To make sure the resource tracker works on non-Linux systems, install via:
pip install resource-tracker[psutil]
Minor inconsistencies between operating systems are expected, e.g. using PSS (Proportional Set Size) instead of RSS (Resident Set Size) as the process-level memory usage metric on Linux, as it is evenly divides the shared memory usage between the processes using it, making it more representative of the memory usage of the monitored applications. Mac OS X and Windows use USS (Unique Set Size) instead.
CI/CD is set up to run tests on the below operating systems:
- Ubuntu latest LTS (24.04)
- MacOS latest (13)
- Windows latest (Windows Server 2022)
The package supports Python 3.9 and above.

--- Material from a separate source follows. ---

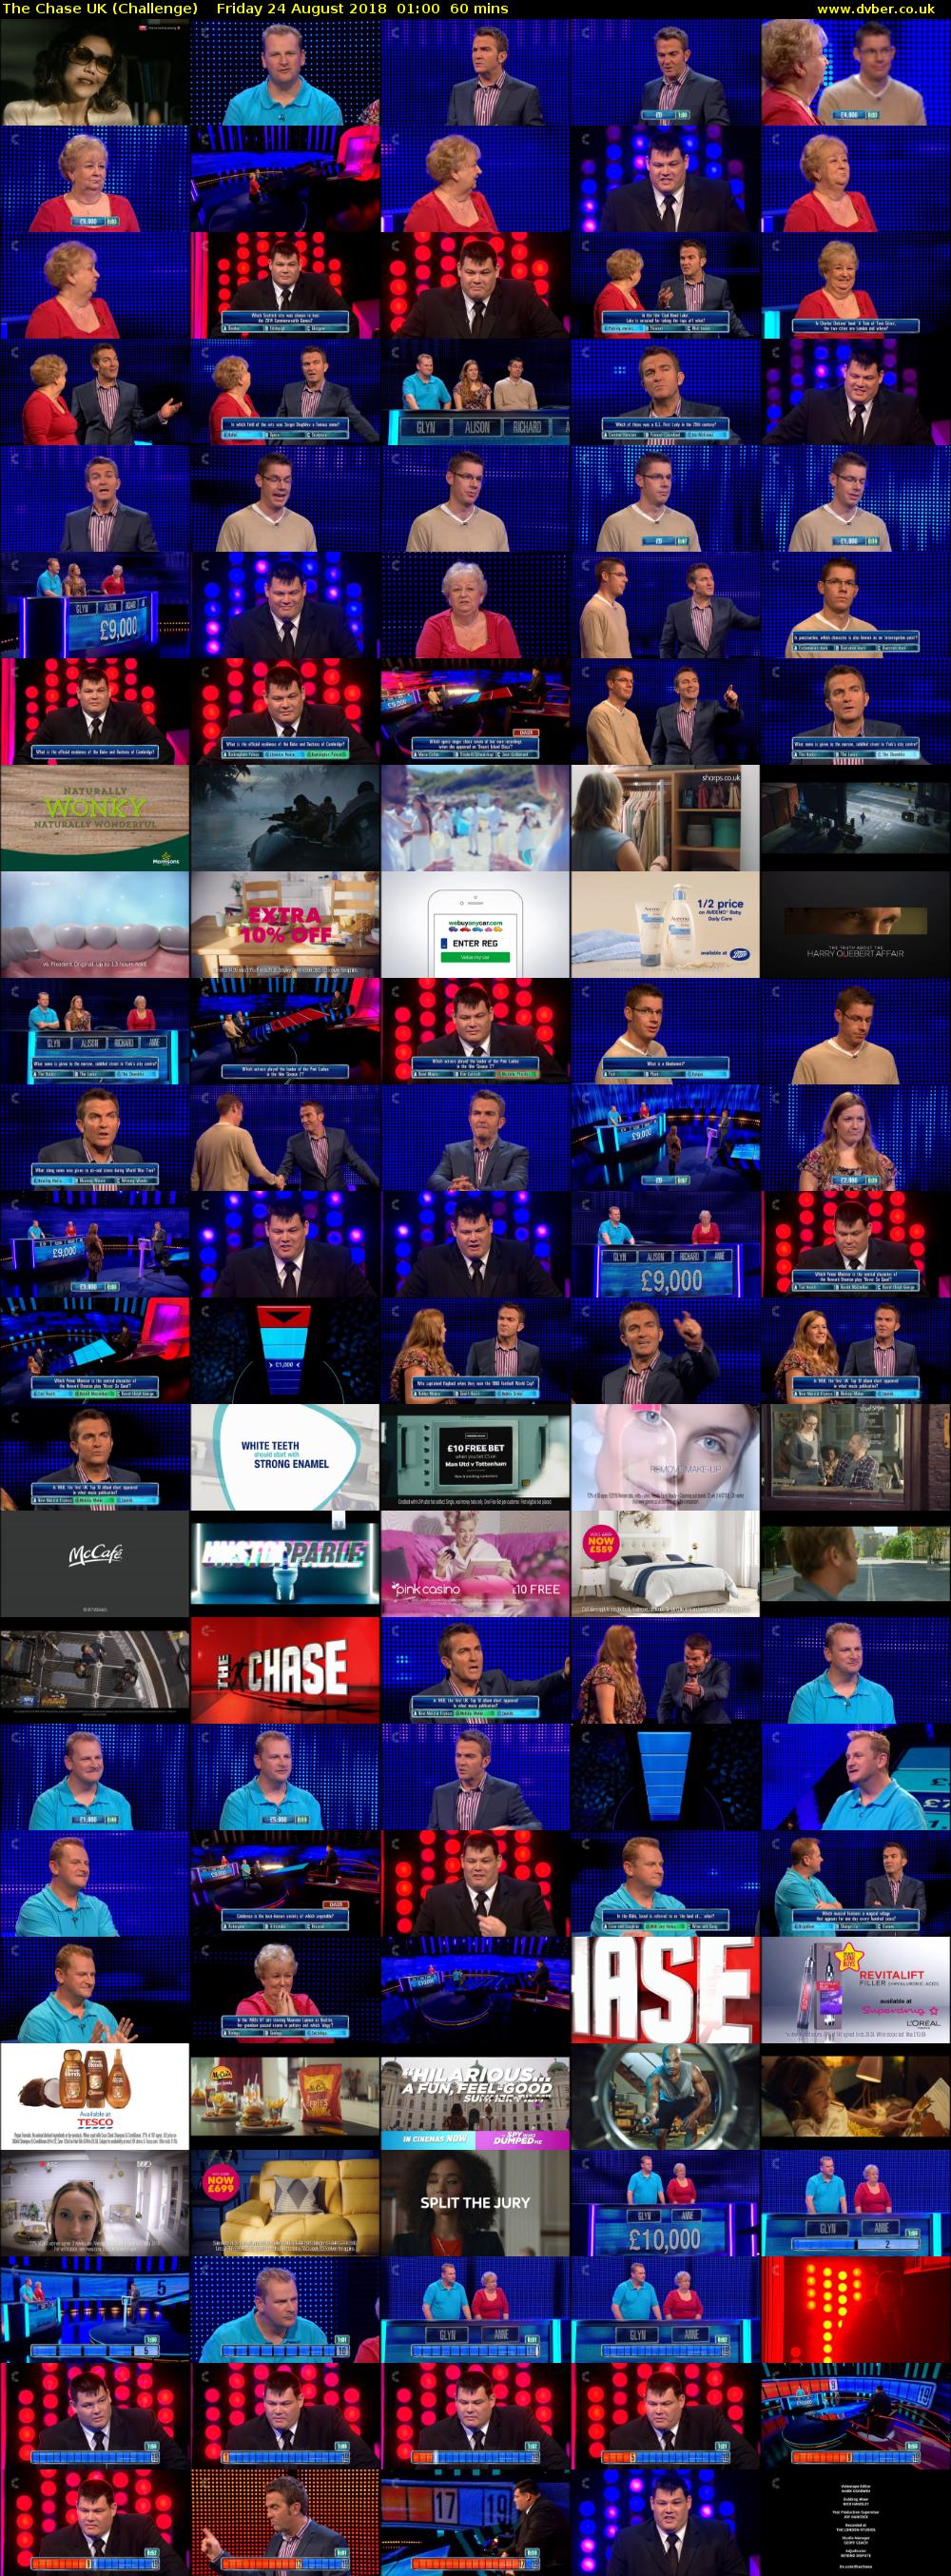 The Chase UK (Challenge) Friday 24 August 2018 01:00 - 02:00

CI/CD is set up to run tests on the below Python versions on Ubuntu latest LTS, Windows Server 2022 and MacOS latest:
- 3.9
- 3.10
- 3.11
- 3.12
- 3.13
The performance of the procfs
and the psutil
implementations is similar, see
e.g.
benchmark.py
for a comparison of the two implementations when looking at process-level stats:
PSUtil implementation: 0.082130s avg (min: 0.067612s, max: 0.114606s)

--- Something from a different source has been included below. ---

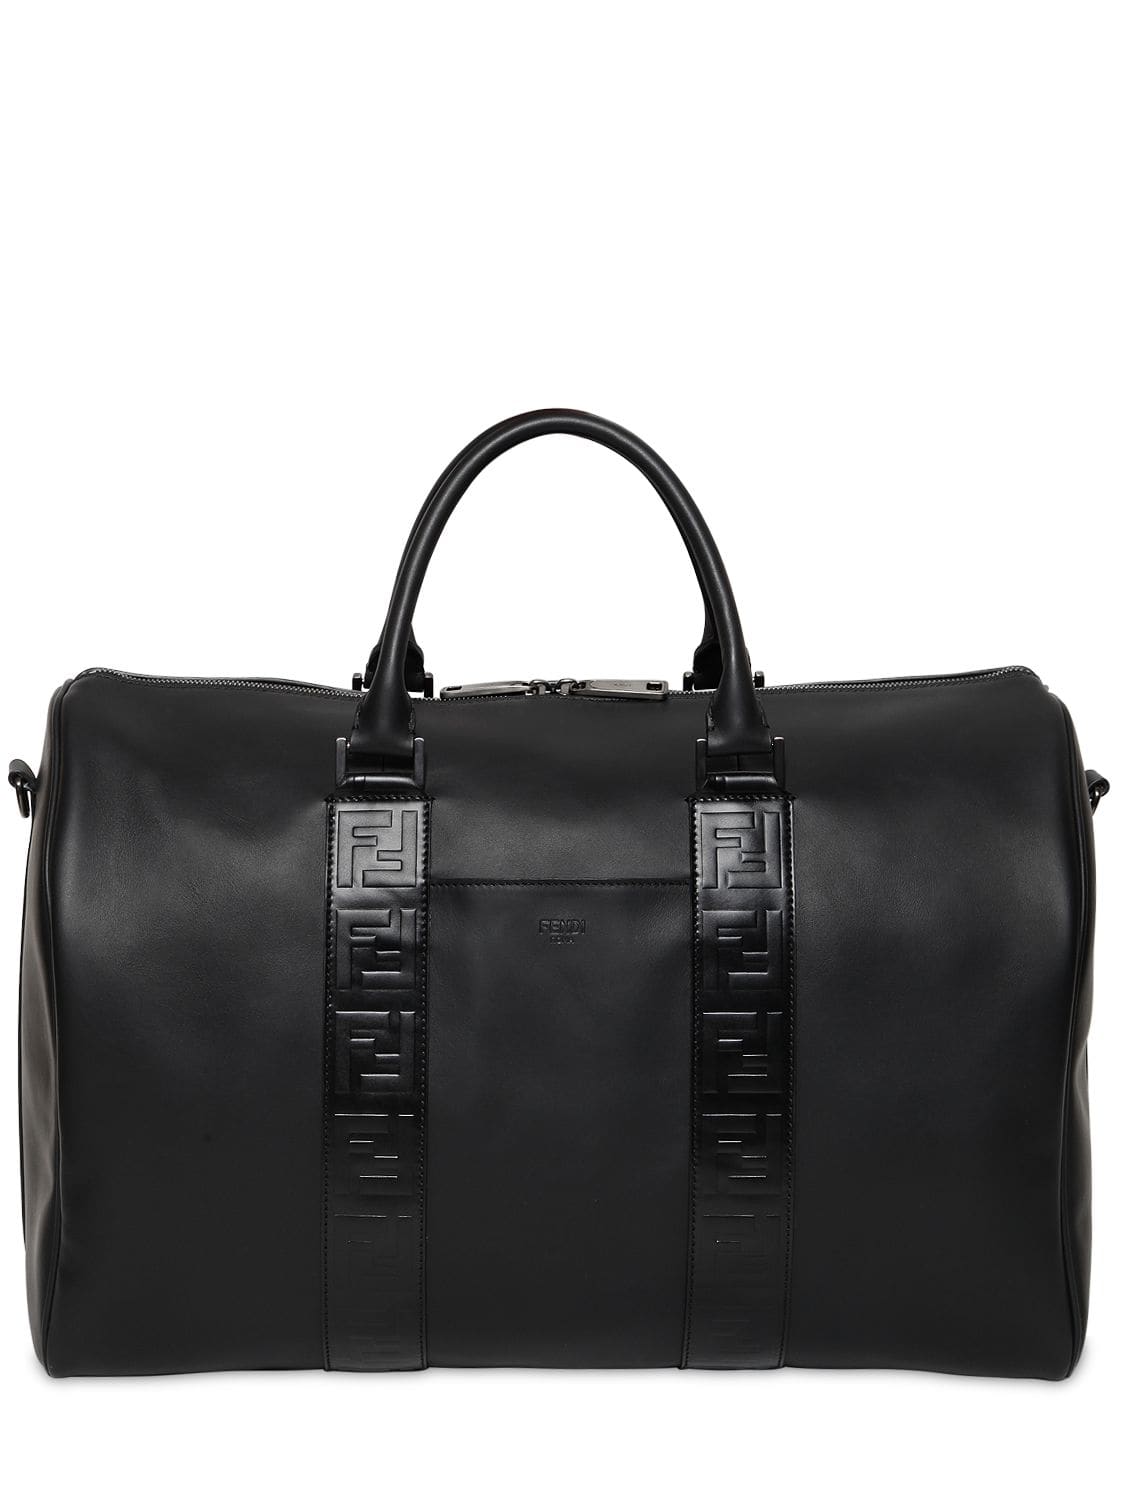 Ff Embossed Leather Duffle Bag | The Fashionisto

ProcFS implementation: 0.084533s avg (min: 0.081533s, max: 0.111782s)
Speedup factor: 0.97x (psutil faster)
On a heavy application with many descendants (such as Google Chrome with hundreds of processes and open tabs):
PSUtil implementation: 0.201849s avg (min: 0.193392s, max: 0.214061s)
ProcFS implementation: 0.182557s avg (min: 0.174610s, max: 0.192760s)

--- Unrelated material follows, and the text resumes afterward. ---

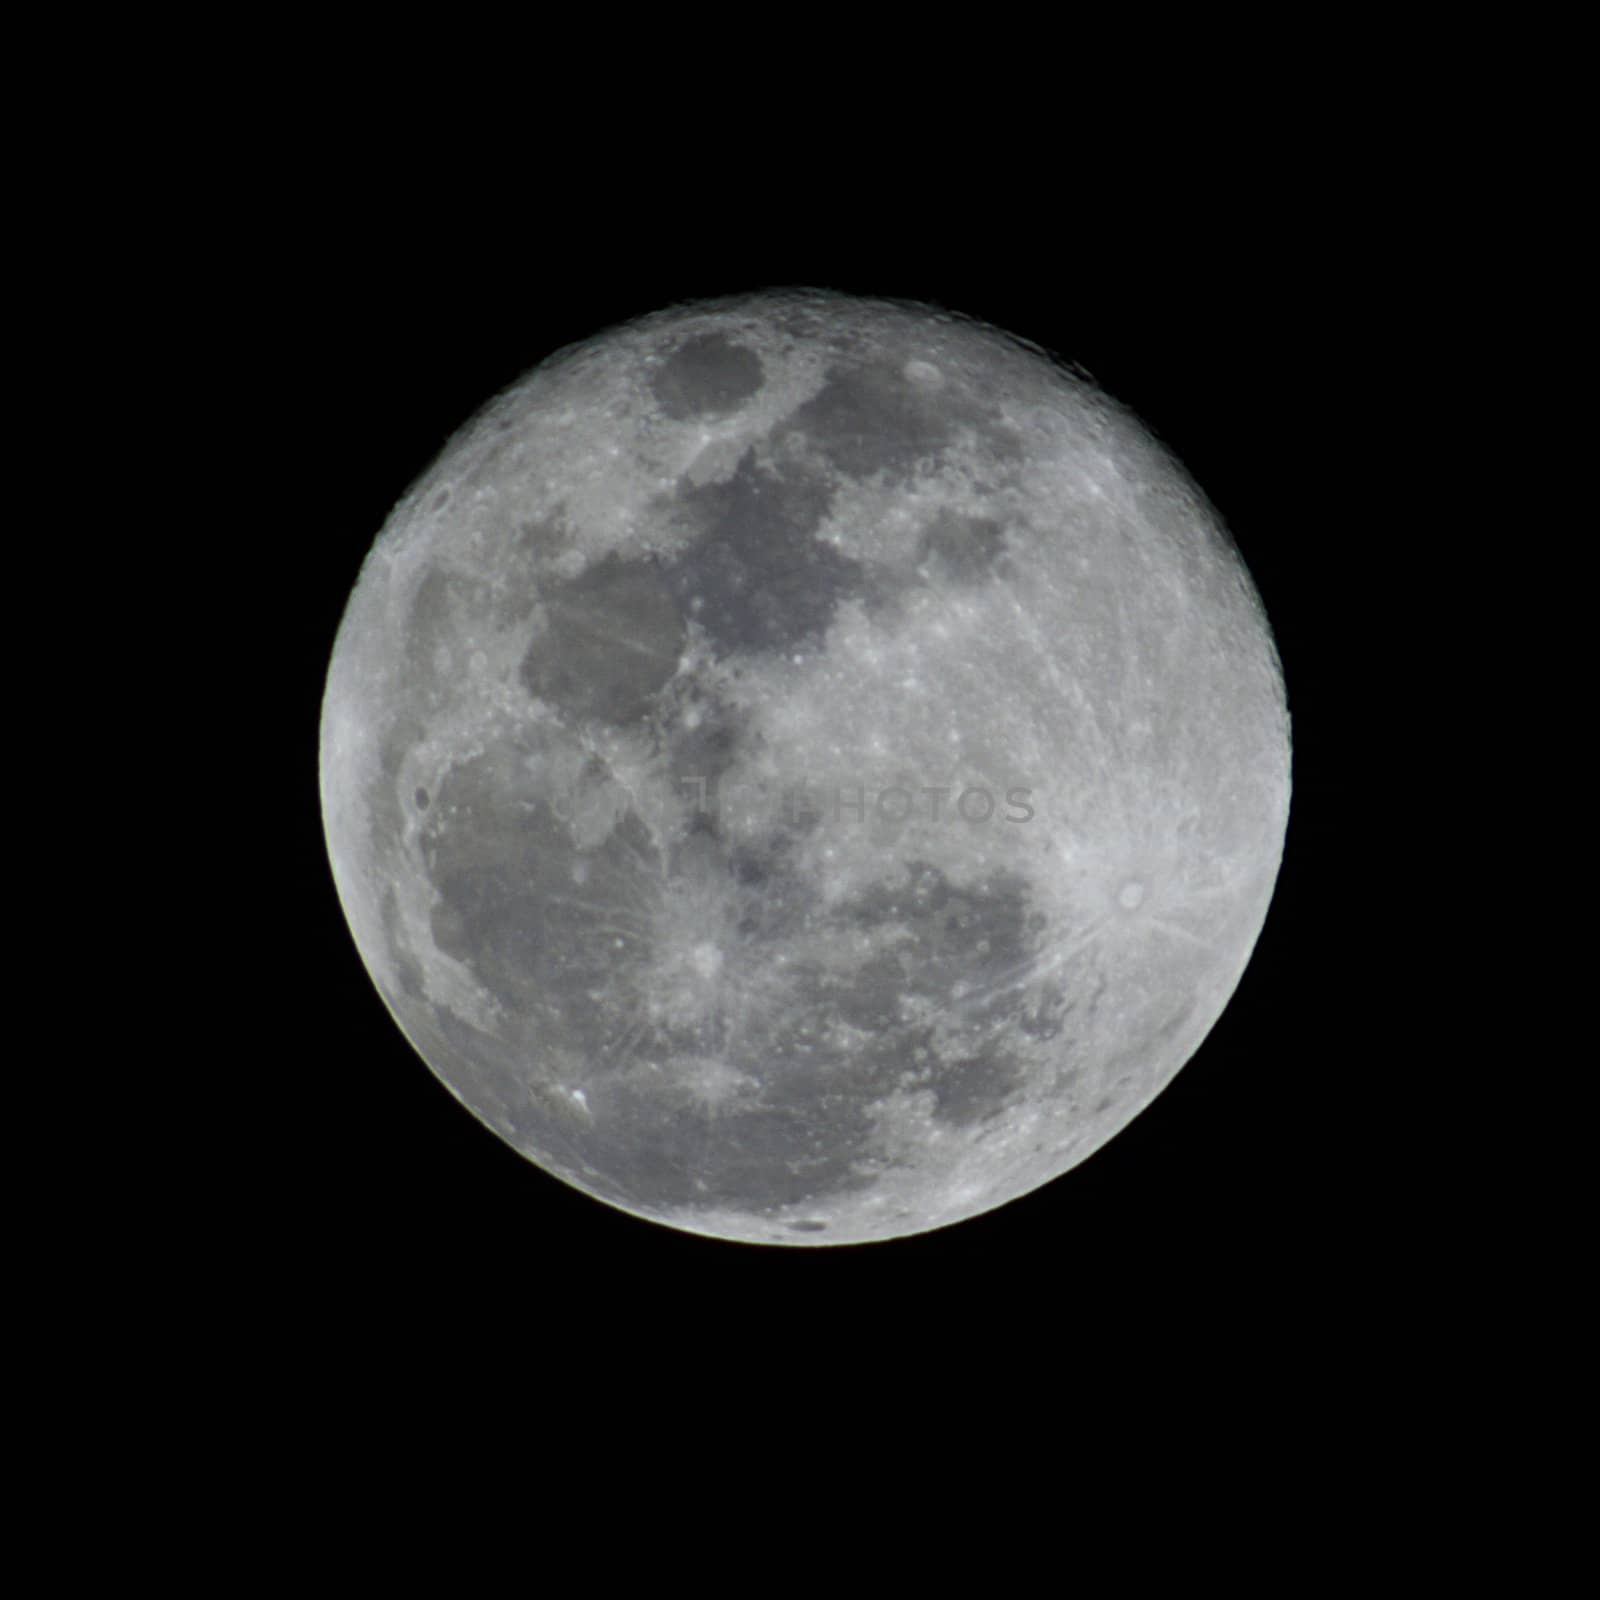 A detailed full moon. You can see all craters and details.

Speedup factor: 1.11x (procfs faster)
The system-level stats are much cheaper to collect, and there is no effective difference in performance between the two implementations.
Why have both implementations then? The psutil
implementation works on all
operating systems at the cost of the extra dependency, while the procfs
implementation works without any additional dependencies, but only on Linux.
This latter can be useful when deploying cloud applications in limited
environments without easy control over the dependencies (e.g. Metaflow step
decorator without explicit @pypi
config).
The package comes with helper functions and classes for tracking resource usage,
such as the ResourceTracker
class that runs trackers in the background, or the
underlying PidTracker
and SystemTracker
classes logging resource usage to
the standard output or a file, both using either procfs
or psutil
under the
hood, depending on which is available, with a preference for psutil
when both
are present.
For the most basic (and often well enough) usage, import the ResourceTracker
class, and automatically start both system-wide and per-process trackers in the
background as spawned or forked processes as part of the instantiation:
from resource_tracker import ResourceTracker
tracker = ResourceTracker()
# your compute-heavy code
tracker.stop()
# your analytics code utilizing the collected data
tracker.pid_tracker
tracker.system_tracker
The ResourceTracker
instance gives you access to the collected data in
real-time, or after stopping the trackers via the pid_tracker
and
system_tracker
properties. Both are TinyDataFrame
objects, which are
essentially dictionaries of lists, with additional methods for e.g. printing and
saving to a CSV file. See the
standalone.py
for a more detailed actual usage example.
It's possible to track only the system-wide or process resource usage by the related init parameters, just like controlling the sampling interval, or how to start (e.g. spawn or fork) the subprocesses of the trackers.
For even more control, you can use the underlying PidTracker
and
SystemTracker
classes directly, which are not starting and handling new
processes, but simply log resource usage to the standard output or a file. For
example, to track only the system-wide resource usage, you can use
SystemTracker
:
from resource_tracker import SystemTracker
tracker = SystemTracker()
SystemTracker
tracks system-wide resource usage, including CPU, memory, GPU, network
traffic, disk I/O and space usage every 1 second, and write CSV to the standard
output stream by default. Example output:
"timestamp","processes","utime","stime","cpu_usage","memory_free","memory_used","memory_buffers","memory_cached","memory_active","memory_inactive","disk_read_bytes","disk_write_bytes","disk_space_total_gb","disk_space_used_gb","disk_space_free_gb","net_recv_bytes","net_sent_bytes","gpu_usage","gpu_vram","gpu_utilized"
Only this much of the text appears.